When the injured teeth are painful while functioning due to damage to the periodontal ligaments (e.g., dental subluxation), a temporary splinting of the injured teeth may relieve the pain and enhance eating ability. Splinting should only be used in certain situations. Splinting in lateral and extrusive luxation had a poorer prognosis than in root fractures. An avulsed permanent tooth should be gently rinsed under tap water and immediately re-planted in its original socket within the alveolar bone and later temporarily splinted by a dentist. Failure to re-plant the avulsed tooth within the first 40 minutes after the injury may result in very poor prognosis for the tooth. Management of injured primary teeth differs from management of permanent teeth; an avulsed primary tooth should not be re-planted (to avoid damage to the permanent dental crypt). This is due to the close proximity of the apex of a primary tooth to the permanent tooth underneath. The permanent dentition can suffer from tooth malformation, impacted teeth and eruption disturbances due to trauma to primary teeth. The priority should always be reducing potential damage to the underlying permanent dentition.

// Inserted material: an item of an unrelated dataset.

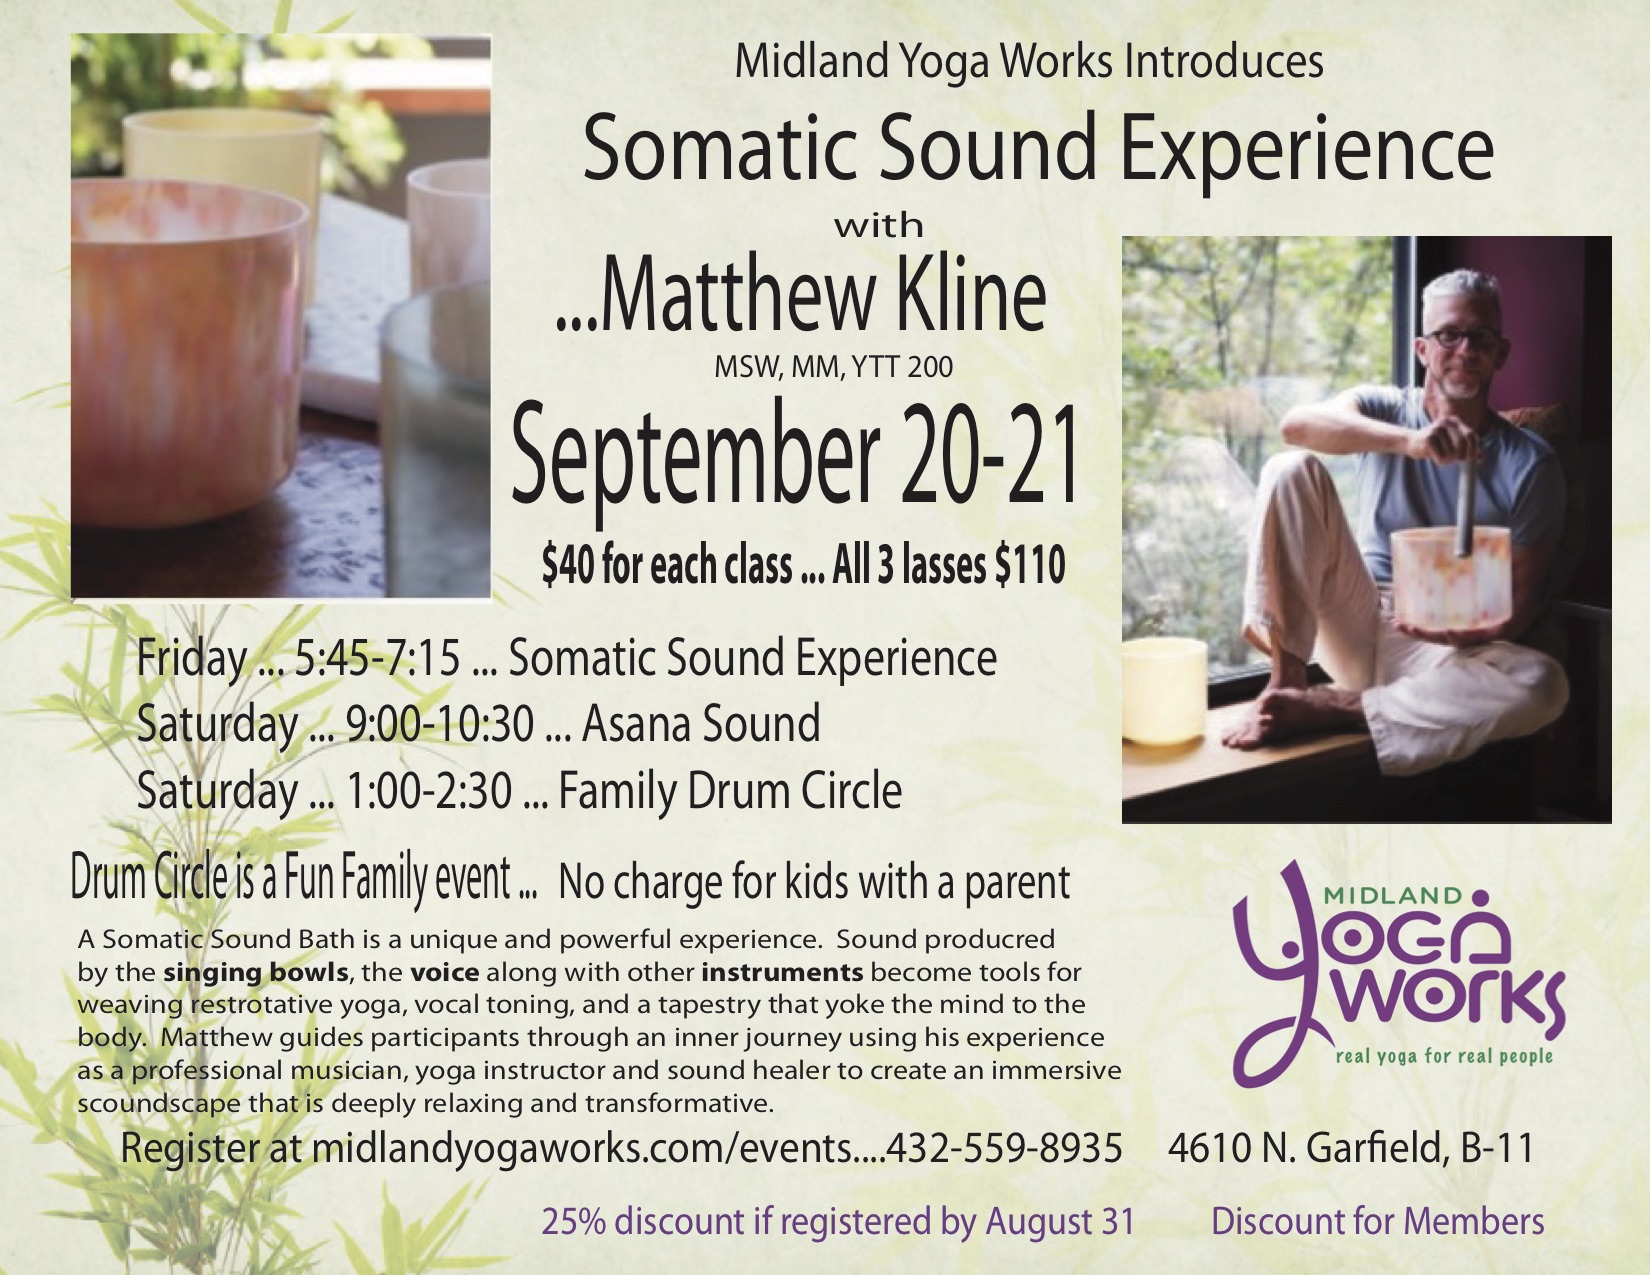 Matthew Kline sound bath copy.jpg

For other injuries, it is important to keep the area clean by using a soft toothbrush and antiseptic mouthwash such as chlorhexidine gluconate. Soft foods and avoidance of contact sports is also recommended in the short term.  Dental care should be sought as quickly as possible.

Splinting 
A tooth that has experienced trauma may become loose due to the periodontal ligament becoming damaged or fracture to the root of the tooth. Splinting ensures that the tooth is held in the correct position within the socket, ensuring that no further trauma occurs to enable healing. A splint can either be flexible or rigid. Flexible splints do not completely immobilise the traumatised tooth and still allow for functional movement. Contrastingly, rigid splints completely immobilise the traumatised tooth. The International Association of Dental Traumatology (IADT) guidelines recommend the use of flexible, non-rigid splints for a short duration by stating that both periodontal and pulpal healing is encouraged if the traumatised tooth is allowed slight movement and if the splinting time is not too long.

Complications
Not all sequelae of trauma are immediate and many of them can occur months or years after the initial incident thus required prolonged follow-up. Common complications are pulpal necrosis, pulpal obliteration, root resorption and damage to the successors teeth in primary teeth dental trauma. The most common complication was pulp necrosis (34.2%). 50% of the tooth that have trauma related to avulsion experienced ankylotic root resorption after a median TIC (time elapsed between the traumatic event and the diagnosis of complications) of 1.18 years. Teeth that have multiple traumatic events also showed to have higher chance of pulp necrosis (61.9%) compared to teeth that experienced a single traumatic injury (25.3%) in the studies (1)

Pulpal necrosis
Pulp necrosis usually occurs either as ischaemic necrosis (infarction) caused by disruption to the blood supply at the apical foramen or as an infection-related liquefactive necrosis following dental trauma (2). Signs of pulpal necrosis include
 Persistent grey colour to tooth that does not fade
 Radiographic signs of periapical inflammation
 Clinical signs of infection: tenderness, sinus, suppuration, swelling

Treatment options will be extraction for the primary tooth. For the permanent tooth, endodontic treatment can be considered.

Root resorption 

Root resorption following traumatic dental injuries, whether located along the root surface or within the root canal appears to be a sequel to wound healing events, where a significant amount of the PDL or pulp has been lost due to the effect of acute trauma.

Pulpal obliteration
4-24% of traumatized teeth will have some degrees of pulpal obliteration that is characterized by the loss of pulpal space radiographically and yellow discolouration of the clinical crown. 
No treatment is needed if it is asymptomatic. Treatment options will be extraction for symptomatic primary tooth. For symptomatic permanent tooth, root canal treatment is often challenging due to pulp chamber is filled with calcified material and the ‘drop off’ sensation of entering a pulp chamber will not occur.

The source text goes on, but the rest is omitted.